Template specialization with the parameter being a template

[mliptak]

Hi, I need to specialize one operation in a template class, when the
parameter is a template itself.
Suppose this code:

#include <string>

template <typename T>
struct Nullable
{};

template <typename T>
class A
{
public:
void fn(const std::string& s)
{}
};

template<>
void A<int>::fn(const std::string& s)
{
// this is supposed to be A::fn() specialization for type int
}

int main()
{
A<int> a;
a.fn(""); // ok, invokes the specialized fn()
A<char> ach;
ach.fn(""); // ok, invokes the generic fn()
A<Nullable<int> > an;
an.fn(""); // ok, invokes the generic fn()
return 0;
}

I need to specialize A::fn() for Nullable<>, something like this:
template <typename T>
void A<Nullable<T> >::fn(const std::string& s)
{}

Of course it won't compile. Is there any solution for this?
Thanks
m.

 

[amparikh]

Hi, I need to specialize one operation in a template class, when the
parameter is a template itself.
Suppose this code:

#include <string>

template <typename T>
struct Nullable
{};

template <typename T>
class A
{
public:
void fn(const std::string& s)
{}

};

template<>
void A<int>::fn(const std::string& s)
{
// this is supposed to be A::fn() specialization for type int

}

int main()
{
A<int> a;
a.fn(""); // ok, invokes the specialized fn()
A<char> ach;
ach.fn(""); // ok, invokes the generic fn()
A<Nullable<int> > an;
an.fn(""); // ok, invokes the generic fn()
return 0;

}

I need to specialize A::fn() for Nullable<>, something like this:
template <typename T>
void A<Nullable<T> >::fn(const std::string& s)
{}

Of course it won't compile.
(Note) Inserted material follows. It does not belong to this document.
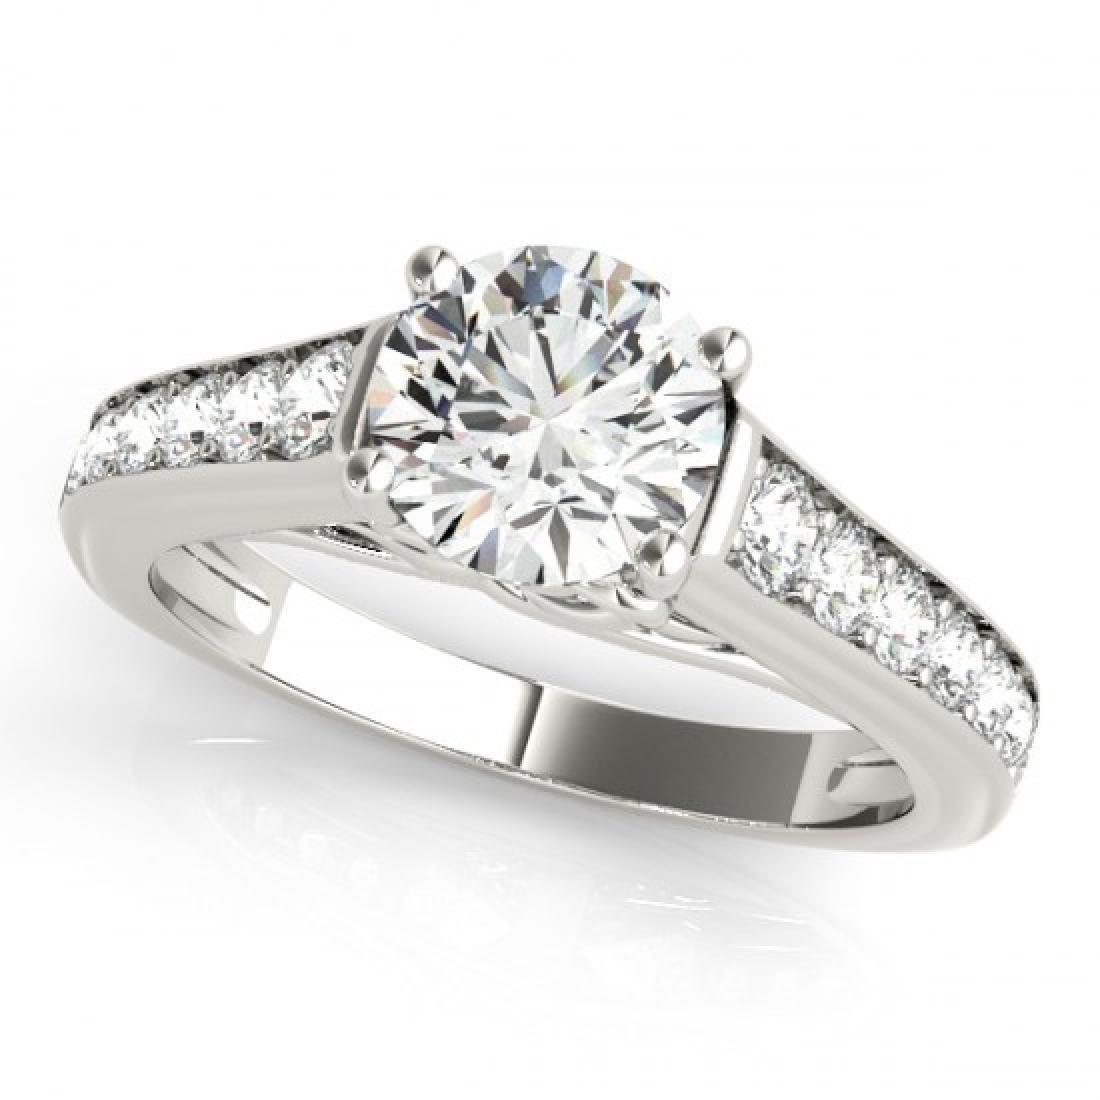 1 CTW Certified VS/SI Diamond Solitaire Ring 18K White

Is there any solution for this?
Thanks
m.

Remember your function 'fn' is not a template...Your class 'A is a
template.
So I would specialize class A for Nullable..

template <typename T, template<typename > class Val >
class A<Val<T> >
{
public:
void fn(const std::string& s)
{}
};

 

[amparikh]

Hi, I need to specialize one operation in a template class, when the
parameter is a template itself.
Suppose this code:

#include <string>

template <typename T>
struct Nullable
{};

template <typename T>
class A
{
public:
void fn(const std::string& s)
{}

};

template<>
void A<int>::fn(const std::string& s)
{
// this is supposed to be A::fn() specialization for type int

}

int main()
{
A<int> a;
a.fn(""); // ok, invokes the specialized fn()
A<char> ach;
ach.fn(""); // ok, invokes the generic fn()
A<Nullable<int> > an;
an.fn(""); // ok, invokes the generic fn()
return 0;

}

I need to specialize A::fn() for Nullable<>, something like this:
template <typename T>
void A<Nullable<T> >::fn(const std::string& s)
{}

Of course it won't compile. Is there any solution for this?
Thanks
m.

Also, functions cannot be partically specialized.

 

[mliptak]

Remember your function 'fn' is not a template...Your class 'A is a
template.
So I would specialize class A for Nullable..

template <typename T, template<typename > class Val >
class A<Val<T> >
{
public:
void fn(const std::string& s)
{}
};

Great, that works.. Thanks..
However, my original class A has more operations, than this one and I
only need to specialize open operation (fn()) - is there a way so I
don't need to duplicate all the other operations?
m.